TASK: Reproduce every entry that follows word for word, but omit the images.

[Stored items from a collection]
▽
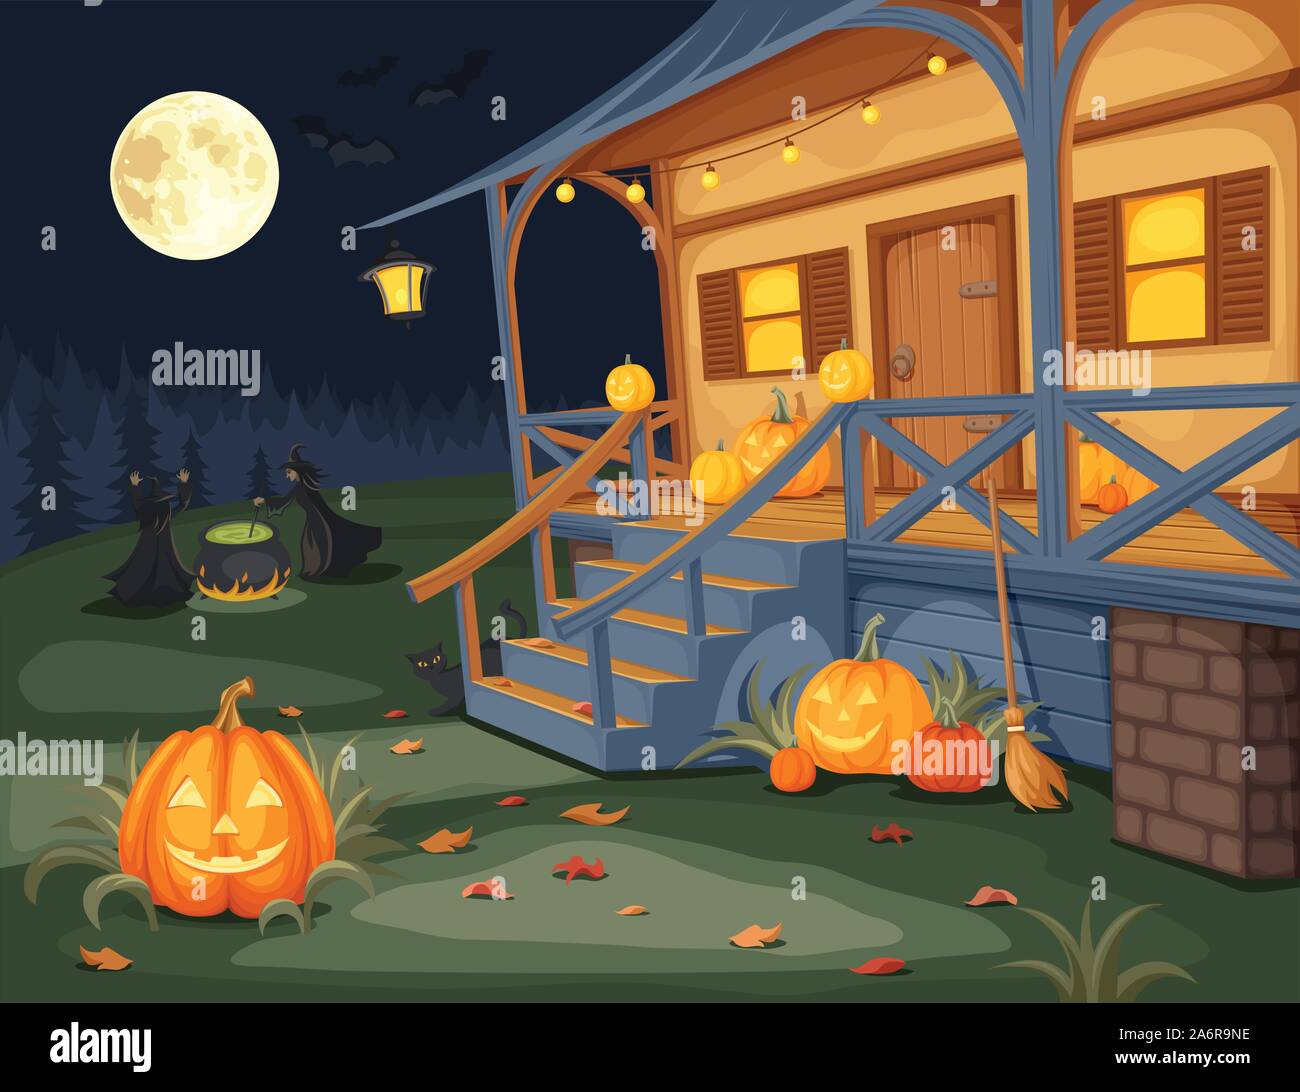 Vector illustration of a Halloween night, house with jack-o-lanterns on a terrace and witches brewing a potion under a full moon. Stock Vector
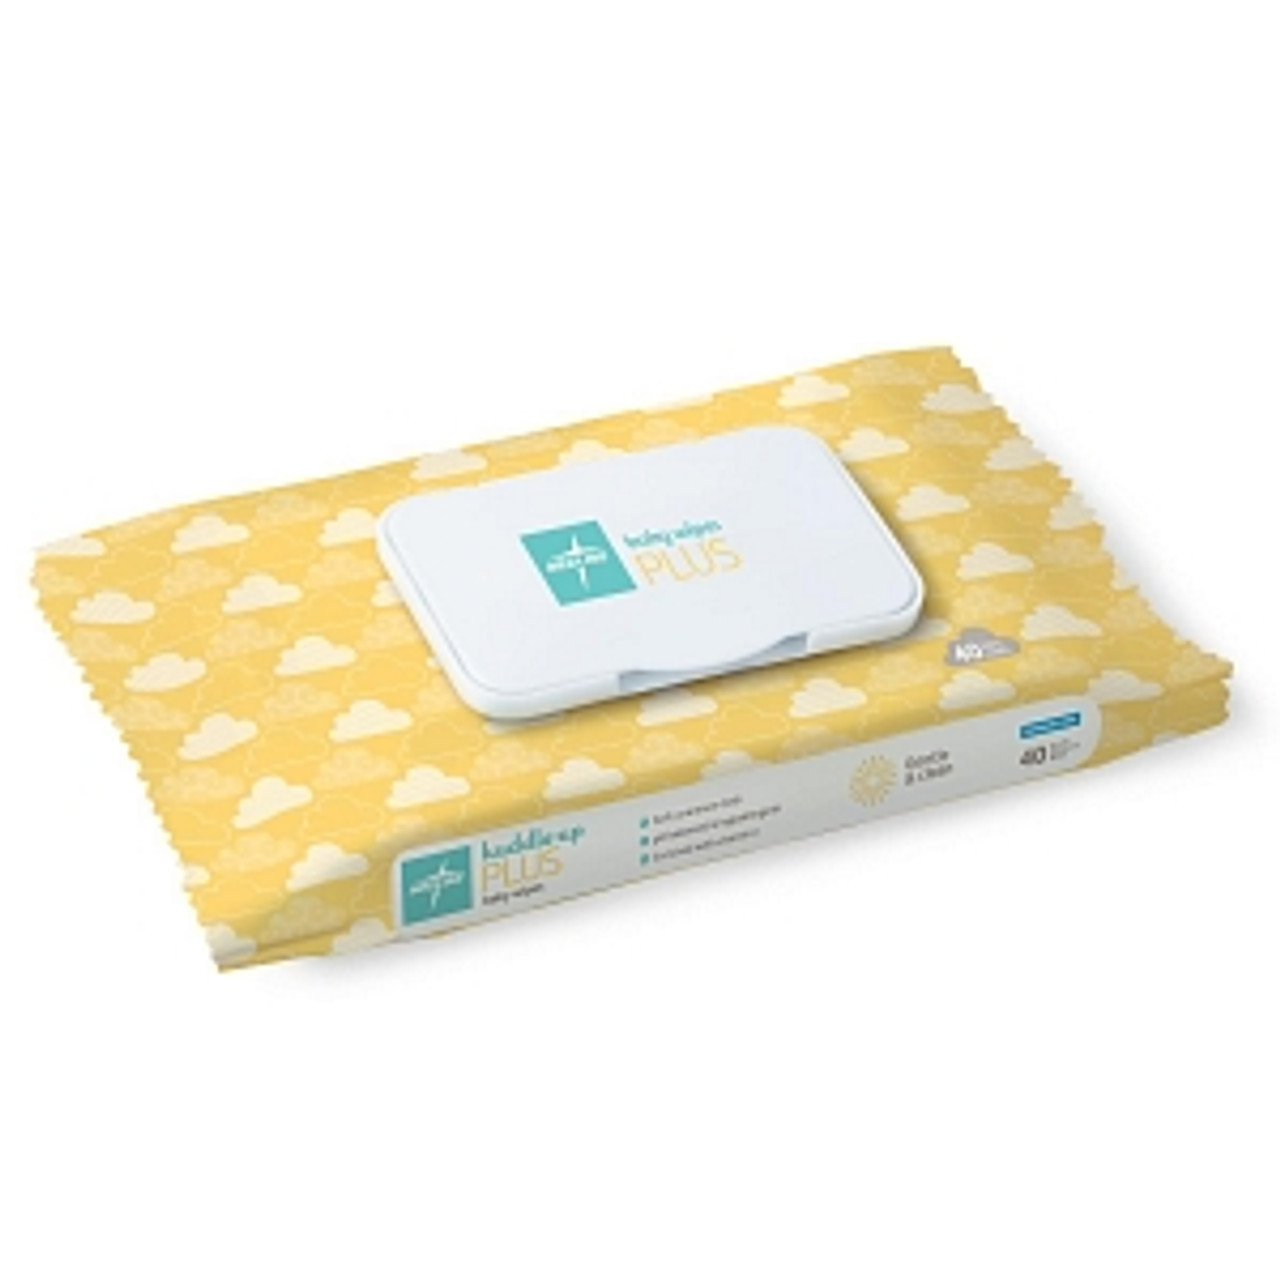 Baby wipes are made to be soft and gentle on baby's sensitive skin
Hypoallergenic, pH balanced
Fragrance-free
Conveniently packaged in a soft, resealable pouch
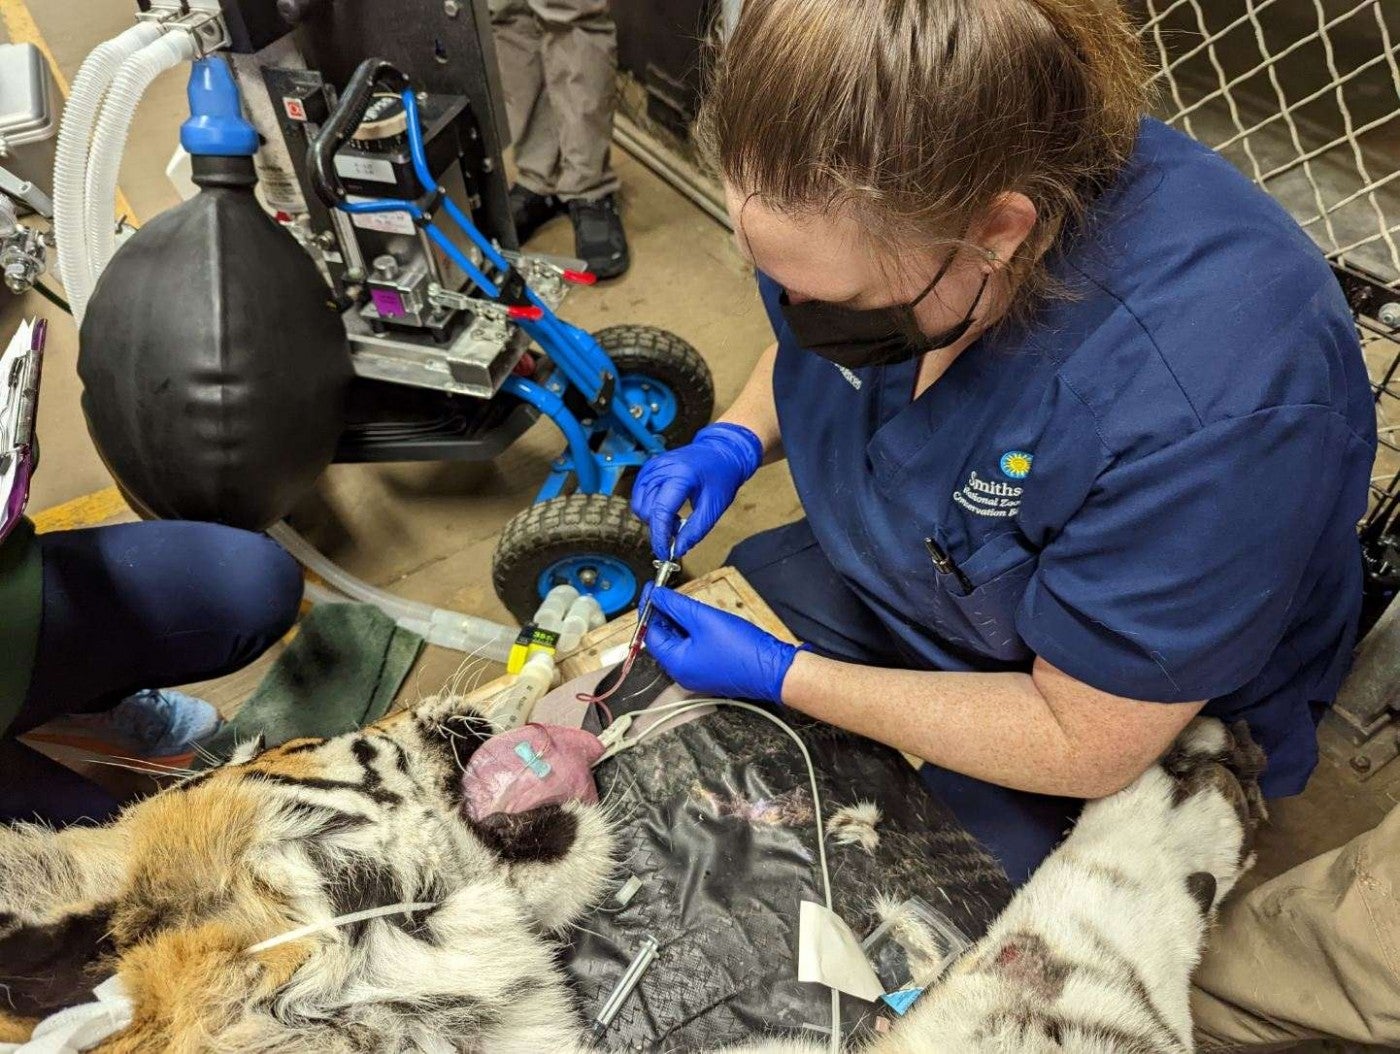 An Amur tiger undergoes an exam under anesthesia at the Great Cats exhibit. Jayne Hutcheson draws blood from the tiger’s sublingual vein.
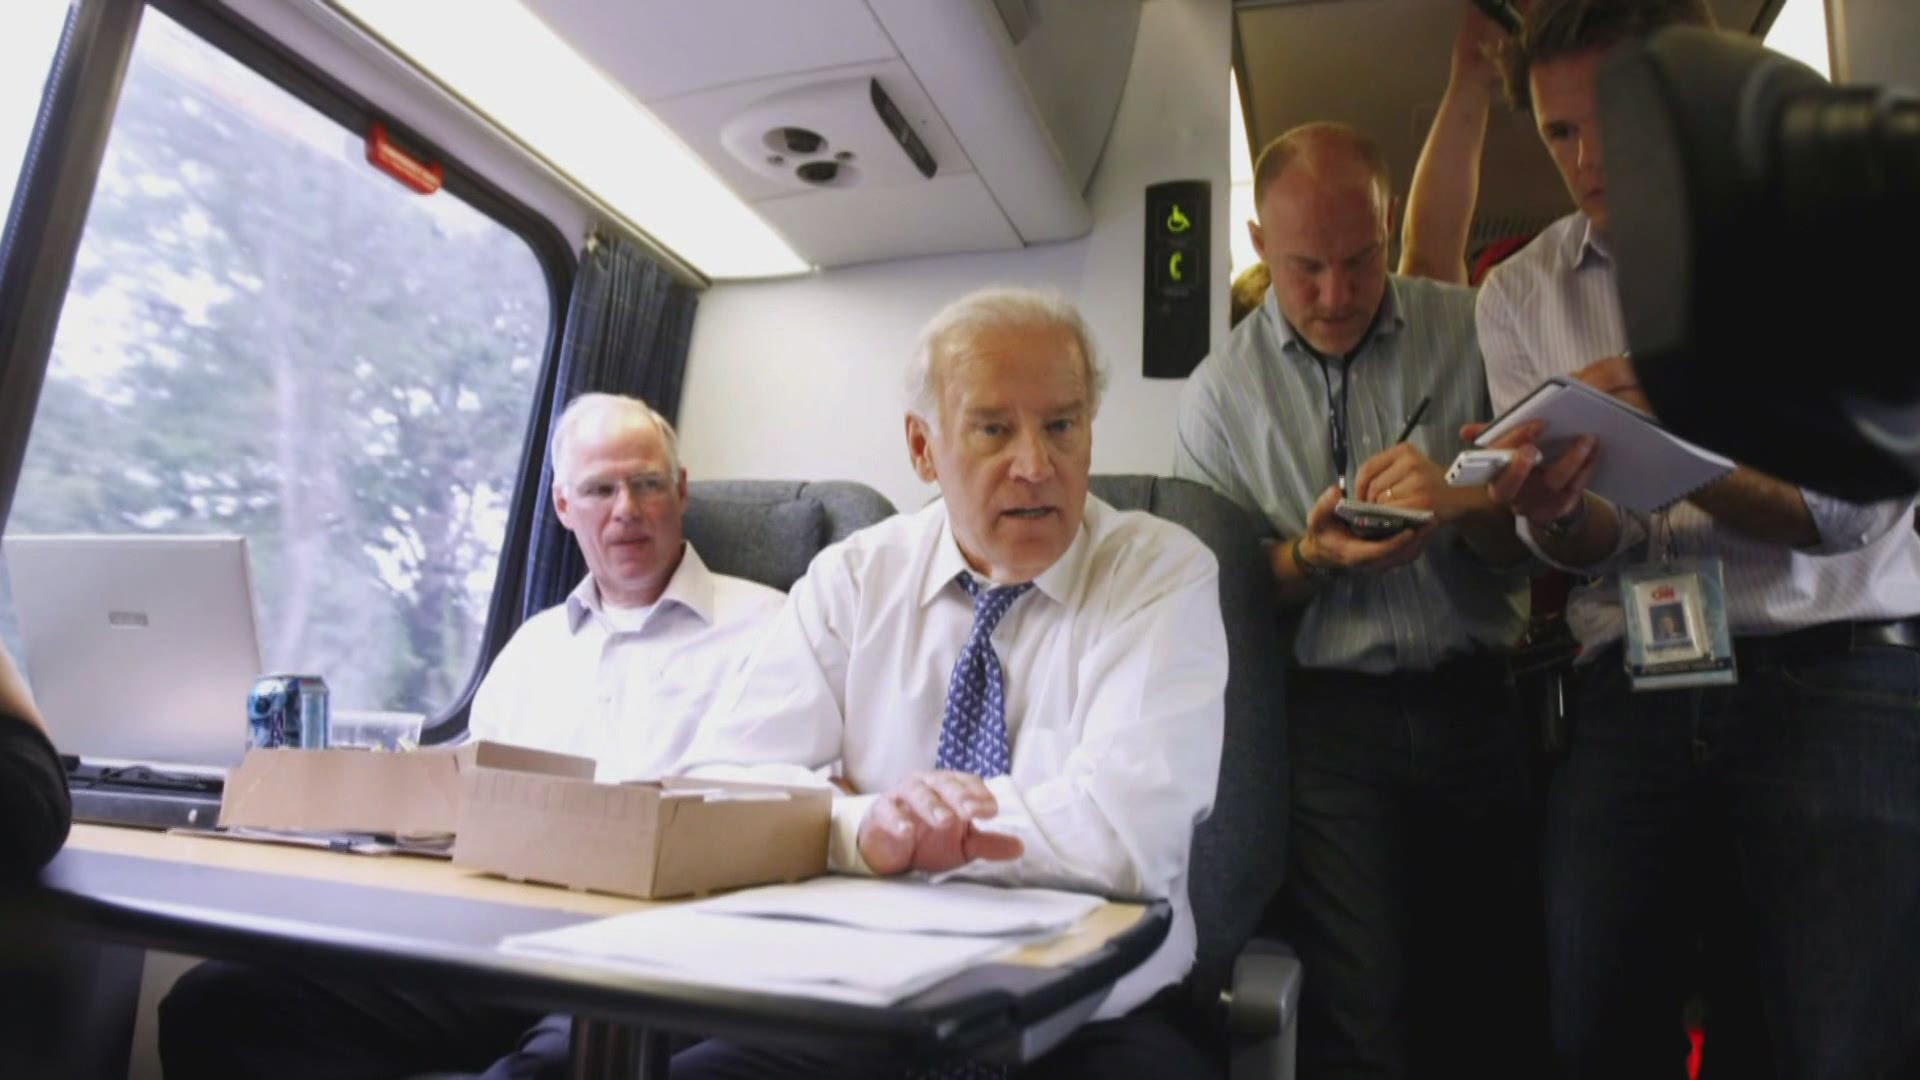 In President Biden's first 100 days there are some supporters and there are critics.
△
COMPLETED TASK:
 Vector illustration of a Halloween night, house with jack-o-lanterns on a terrace and witches brewing a potion under a full moon. Stock Vector
 Baby wipes are made to be soft and gentle on baby's sensitive skin
Hypoallergenic, pH balanced
Fragrance-free
Conveniently packaged in a soft, resealable pouch
 An Amur tiger undergoes an exam under anesthesia at the Great Cats exhibit. Jayne Hutcheson draws blood from the tiger’s sublingual vein.
 In President Biden's first 100 days there are some supporters and there are critics.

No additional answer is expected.